雑誌
「うかたま」(農文協)春号の古布企画に便乗して、ハマヲ洋傘店の鎌田さんに日傘をこしらえていただいた。43歳にして初めてのアイテムだ。
友人のお義母さまが昔よく着ていらしたという琉球の夏絣を、「洗い張りして仕立て直してもわたしの寸法には足りないけど、武藤さんなら小柄だしこのまま着られるんじゃないかしら」と譲り受けたのは数年前。光のあたり加減で紫が強くなったり青みが強くなったりと表情豊かなそのきものを、寸法もぴったりだと大喜びして何度か着たものの、最初に背縫いの糸が切れ、自力でなんとか直したところに今度は生地そのものが裂けてしまった。こうなるともうきものとしては着られまい。そのまま畳んでいずれ何かに使おうとしまってあったところ古布企画の撮影依頼をいただき、取材対象のひとりがきもの地で日傘をこしらえている鎌田さんだった。
きものとしてもう着られないのなら、せめて日傘に生まれ変わってもらおうと、くだんの琉球夏絣を鎌田さんに託した。2週間後、1枚のきものから2本の日傘が出来上がってきた。夏絣の透け具合が涼しげで気品のあるツインズの、1本は日傘をさしている姿を一度たりとも見たことがない母に、もう1本はこれまた日傘を所有したことがない自分に、贈ることにした。

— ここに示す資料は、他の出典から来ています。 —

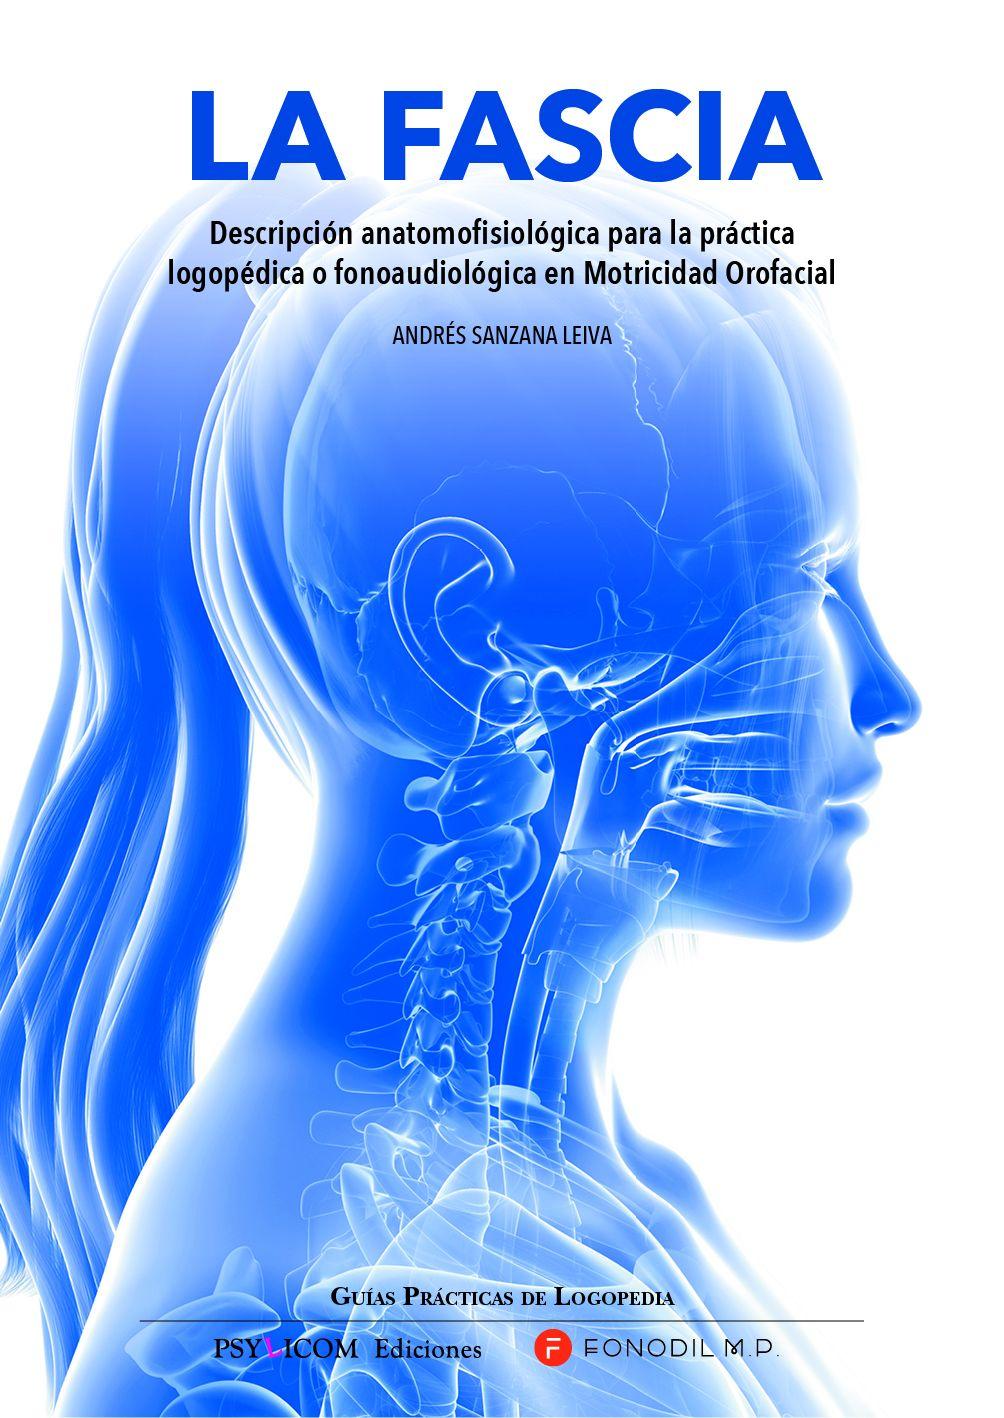 https://www.psylicomediciones.com/p8424244-la-fascia-descripcion-anatomofisiologica-para-la-practica-fonoaudiologica-y-logopedica-en-motricidad-orofacial.html

担当編集のSさんから日傘イベントの計画をきいたのは掲載号が発売する前で、聞くなりわたしも手伝いたいと申し出た。鎌田さんの素敵な日傘を知って欲しい、一堂に会するところを見てみたい、という気持ちが強く働いたからだ。着々とSさんは準備を進め、今月になってわたしも鎌田さんのもとを訪れ写真を撮り、出来上がった日傘をアトリエで撮影し、いよいよそのイベントがこの週末に開催される。
「旅する日傘」
5月13日(土)〜5月14日(日) 11:00〜20:00
@ハコギャラリー(渋谷区西原3-1-4 代々木上原駅下車)
同時開催
「助六茶屋」by 東京くらげ (両日)
「キモノ里親さがし」 by 竹ノ輪(14日のみ)
わたしの日傘も非売品として展示する予定。色とりどりの日傘たちに逢いに、是非足を運んでみてください。